Cloudscaling Group, Inc.
- Type: Private
- Industry: Cloud computing
- Founded: San Francisco, California, United States (2006)
- Founder: Randy Bias, Adam Waters
- Headquarters: San Francisco, California, U.S.
- Website: www.cloudscaling.com

= Cloudscaling =

The Cloudscaling Group, Inc., was a software company based in San Francisco, California, USA. The company’s Open Cloud System is a cloud computing system based on the OpenStack open-source software project. It is used to deploy infrastructure as a service (IaaS) public, private and hybrid clouds that support applications typically found on public cloud infrastructures such as Amazon Web Services or Google Compute Engine. These applications are often referred to as cloud-ready applications, which Cloudscaling refers to as dynamic applications and are contrasted with traditional enterprise IT applications.

==History==
Cloudscaling was founded in 2006 by Randy Bias and Adam Waters. It started as a professional services company selling custom cloud infrastructure for large service providers, chiefly telecom service providers. The company’s engineering team had previously worked on cloud projects for Yahoo!, Amazon Web Services, VMware and Puppet Labs. KT Corporation (formerly Korea Telecom) was an early customer, for which the company in 2010 designed and deployed a cloud with CloudStack software and another that was the first OpenStack storage cloud (Swift) outside of Rackspace. Cloudscaling also designed and deployed an OpenStack Swift storage cloud for Internap in 2011.

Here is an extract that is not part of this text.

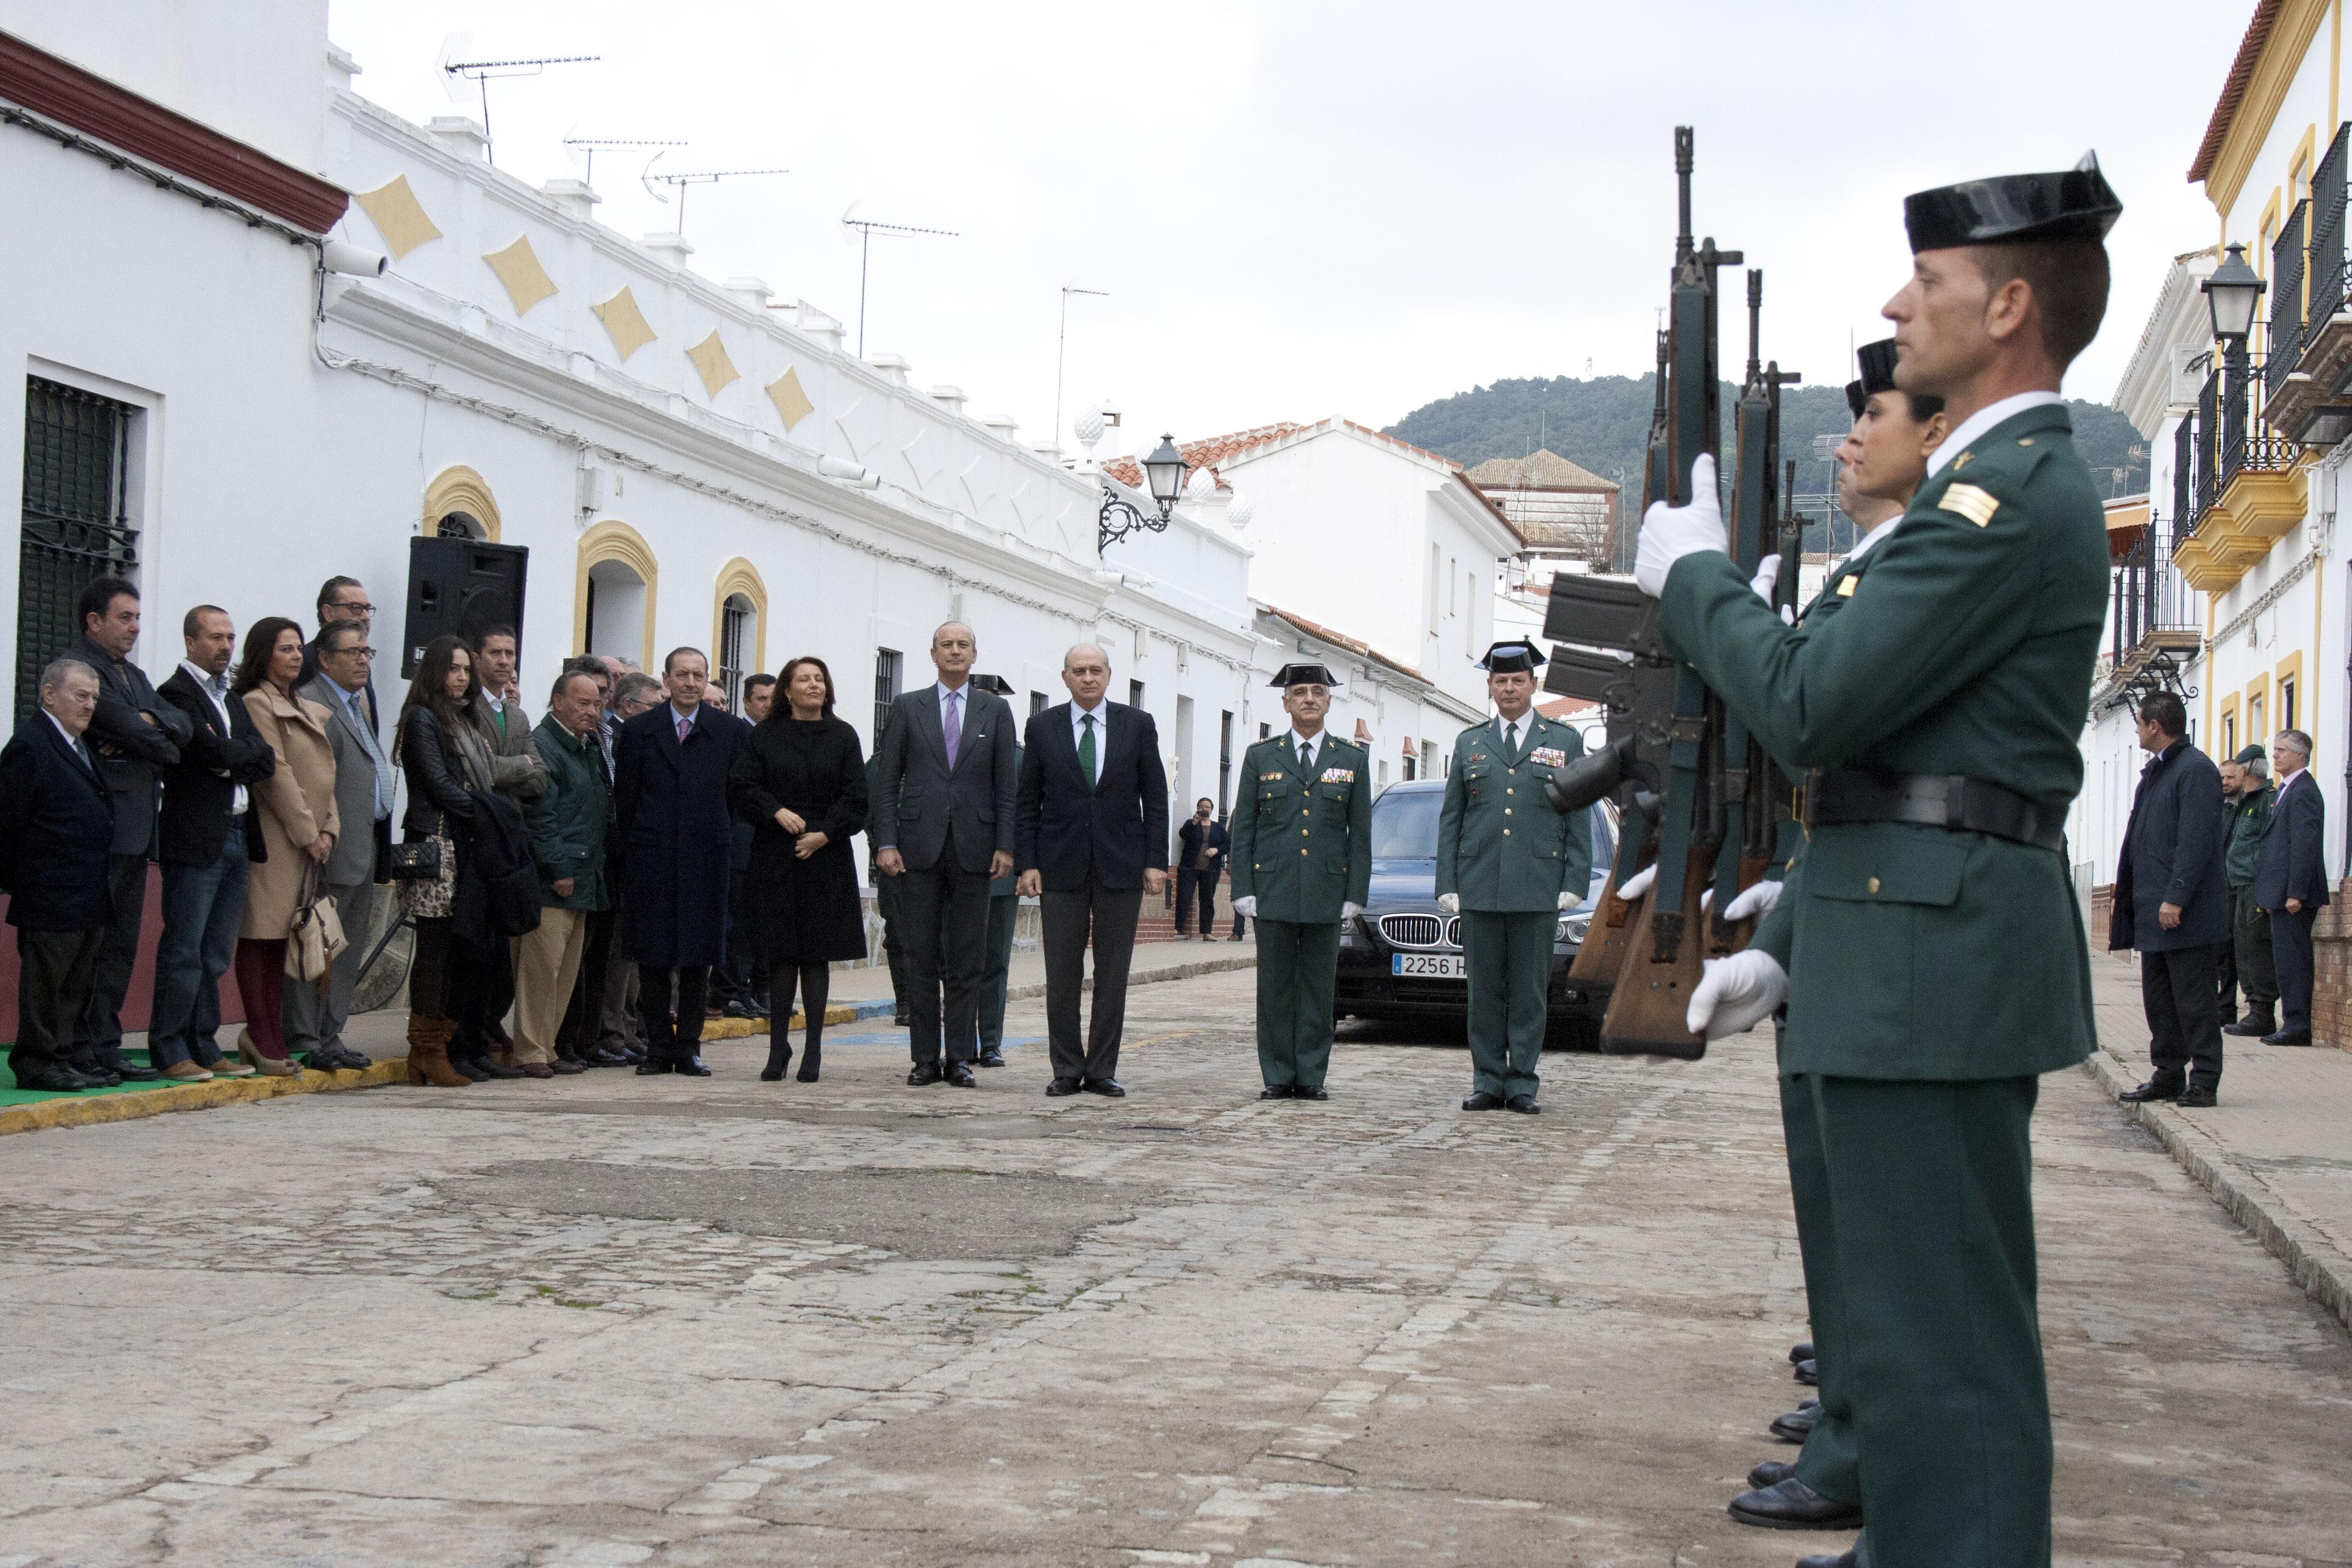 Efectivos de la Guardia Civil reciben a las autoridades durante el acto de inicio de las obras de reforma y ampliación del cuartel. / Foto: F.J.D.

In February 2012, the company shifted its focus to become a product company, announcing version 1.0 of Open Cloud System.

In early 2013, the company announced the general availability of Open Cloud System 2.0 and announced Ubisoft, Living Social and EVault as reference customers. The company in April signed partnerships with both Seagate Technology and Juniper Networks, both of which joined Trinity Ventures in a Series B round valued at $10 million.

In October 2014, the company was purchased by EMC Corporation for an undisclosed sum.